Newly available data on over 1,400 different products produced by U.S. plants during the study period were analyzed and combined with plant-level pollution emissions data. Reductions in overall emissions were then categorized into those that can be explained by changes in manufacturing output, changes in the types of goods produced or changes in production technologies.
Most of the decreases in emissions of important pollutants from manufacturing, such as nitrogen oxides, sulfur dioxide and carbon monoxide, were associated with changes in production technologies. To identify the key driver of this trend, the researchers quantified the importance of reductions in tariffs and other trade costs, improved productivity and environmental regulation in explaining decreases in air pollution emissions. The stringency of environmental regulation for manufacturing firms was shown to nearly double between 1990 and 2008. This increase, rather than improvements in manufacturing productivity or trade exposure, accounted for most of the decreases in pollution emissions.

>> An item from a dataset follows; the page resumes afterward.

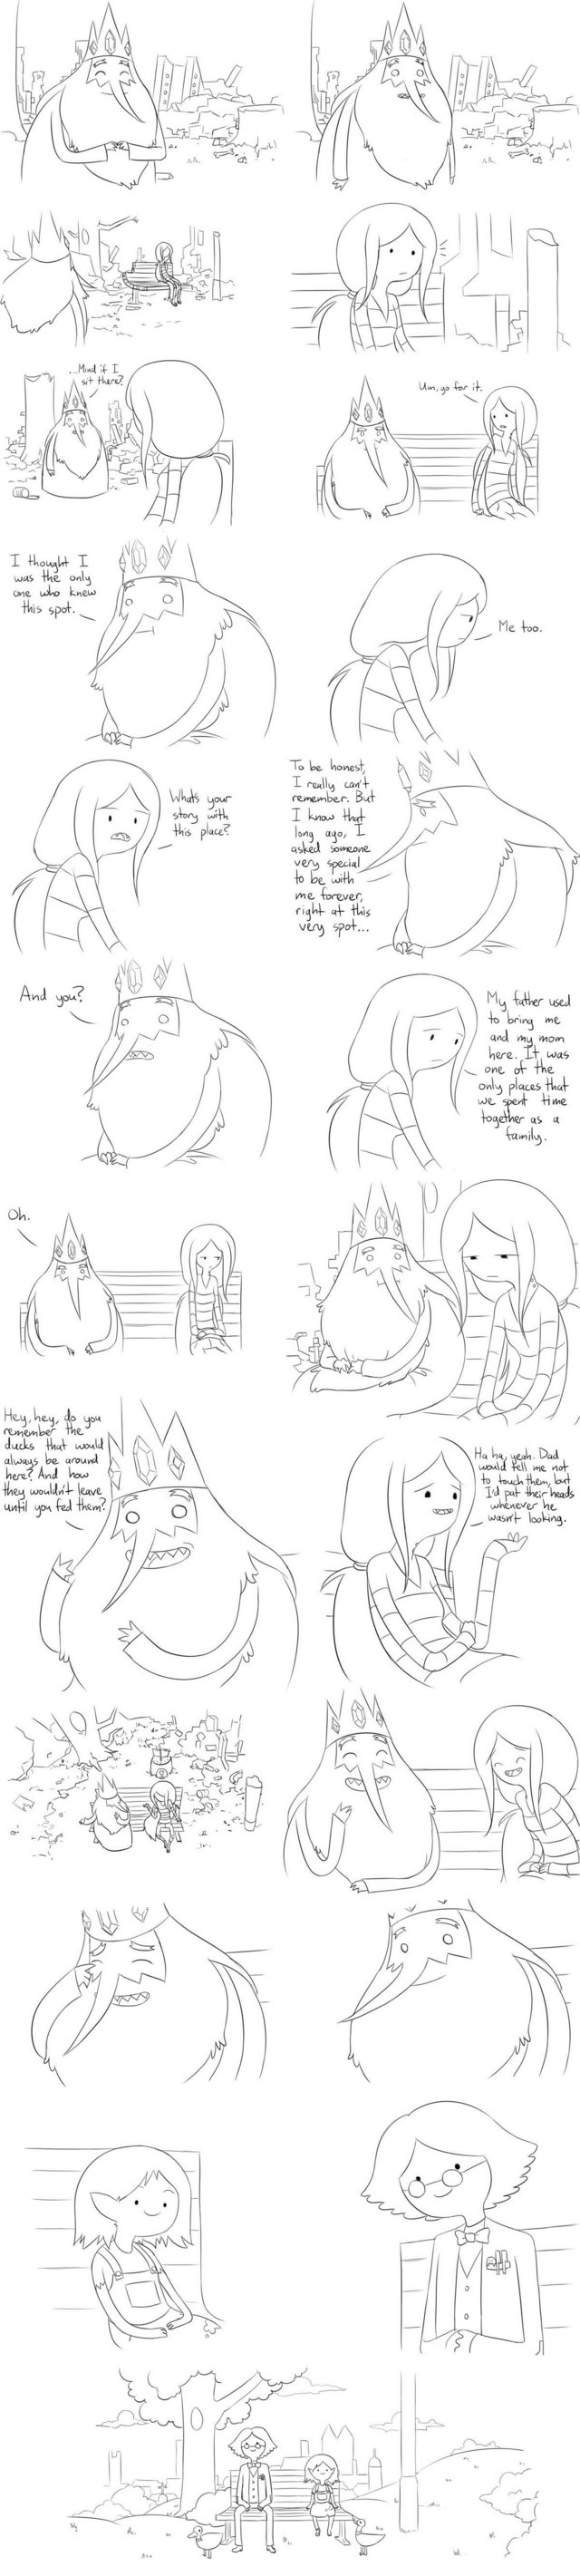 adventure time porn pictures funny time large adventure feel

The research is forthcoming in the American Economic Review.
Plant level pollution intensity versus total factor productivity. Source: University of California-Berkeley
Very interesting article. I am a little unclear as to the meaning of "stringency of environmental regulation". Does this phrase mean that more environmental laws and standards were enacted, or that existing laws and standards were enforced, or a combination of the two? I would also like to know if the researchers measured the difference in plant CAPEX investments during this timeframe as an index of the degree to which companies either sought compliance voluntarily or did so in anticipation of being fined by the state and local EPA, or just wanted to adapt cleaner production methods in an effort to "get lean" and/or upgrade aging plants.
Finally the conclusion the author reaches in the last paragraph, that "stringency of environmental regulation for manufacturing firms was shown to nearly double between 1990 and 2008. This increase, rather than improvements in manufacturing productivity or trade exposure, accounted for most of the decreases in pollution emissions."...seems to contradict the author's opening statement that....
"The emission reduction is largely attributed to federal environmental regulations and attendant adoption of cleaner production methods"...which suggests that the two factors had an equal impact on the decline.